## HOW TO COMPLETE THIS TASK
Leave the images aside and copy out the whole listing, exact to the word.

*** AVAILABLE DATA ***

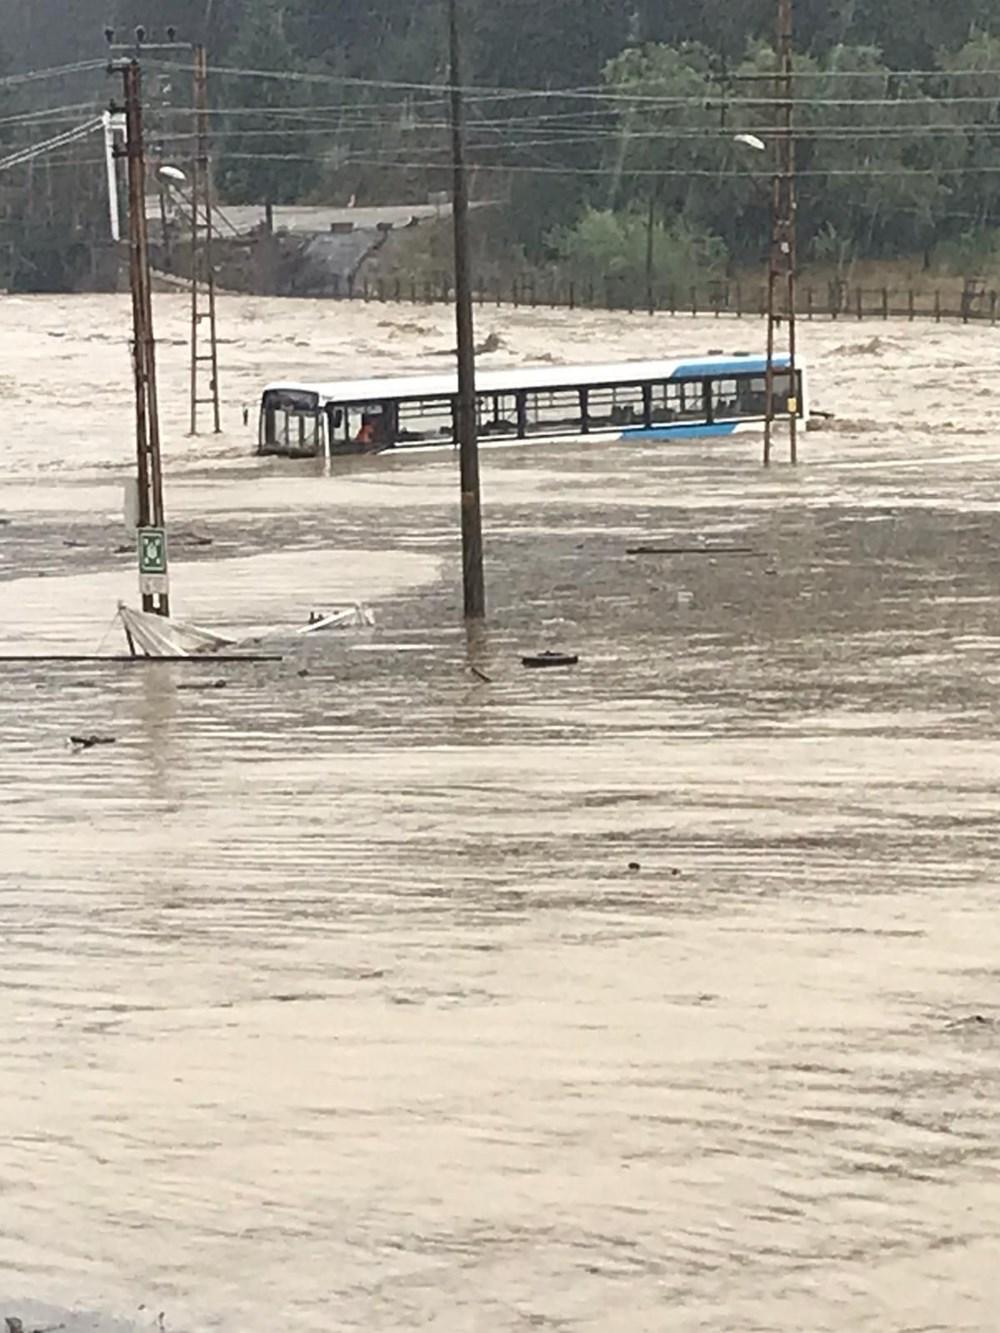 Batı Karadeniz'i sel vurdu: 13 yaşındaki kız çocuğu selde kayboldu - 18
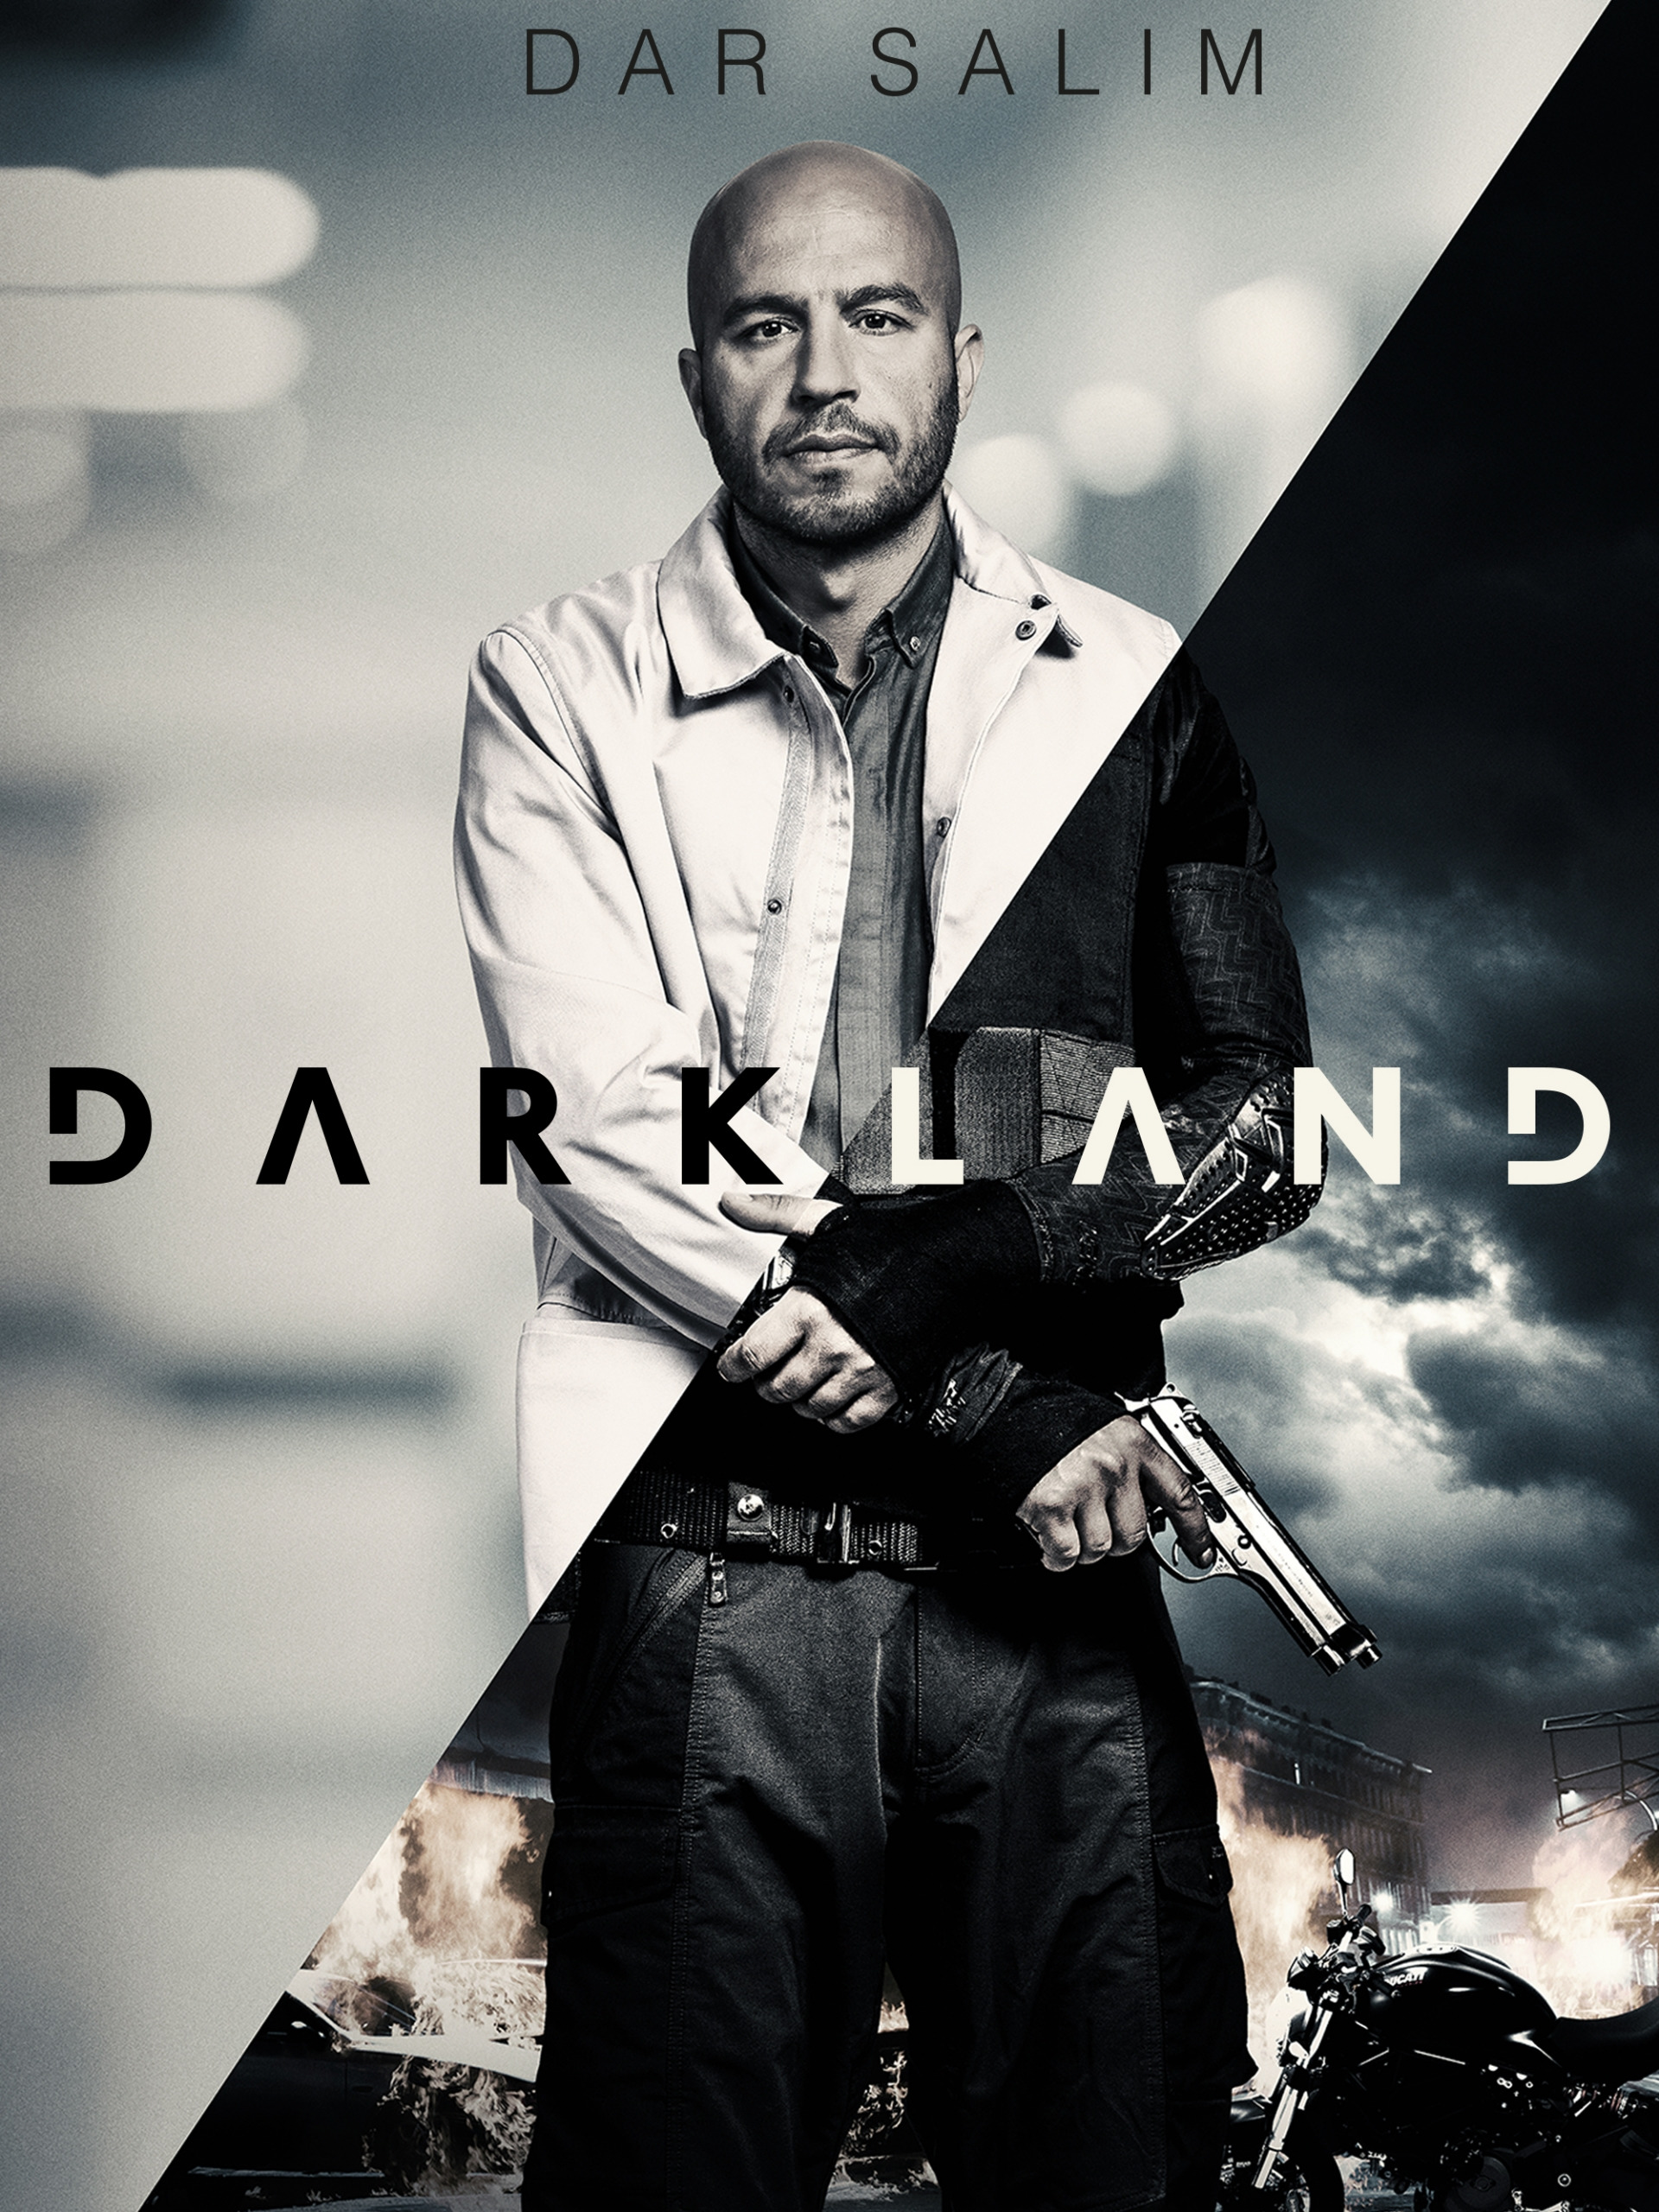 Darkland
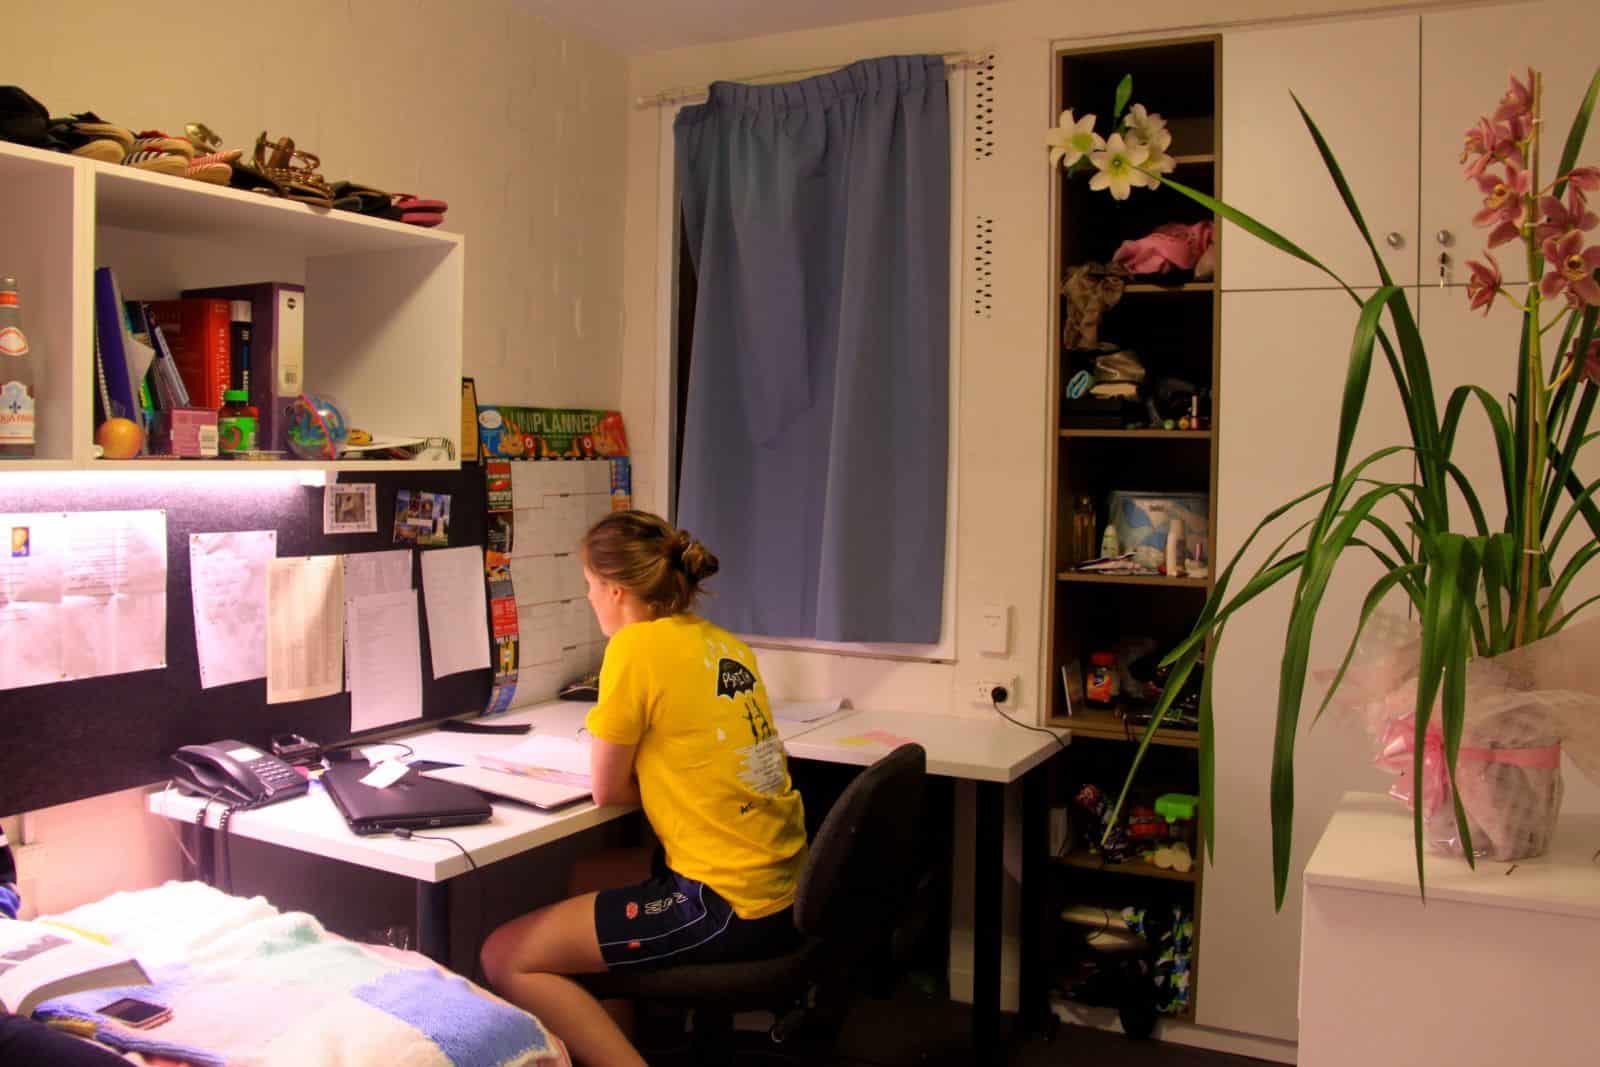 Kết quả hình ảnh cho Du học ở Úc và câu chuyện tá túc ở nhà người thân

*** End of AVAILABLE DATA ***

## EXPECTED ANSWER
 Batı Karadeniz'i sel vurdu: 13 yaşındaki kız çocuğu selde kayboldu - 18
 Darkland
 Kết quả hình ảnh cho Du học ở Úc và câu chuyện tá túc ở nhà người thân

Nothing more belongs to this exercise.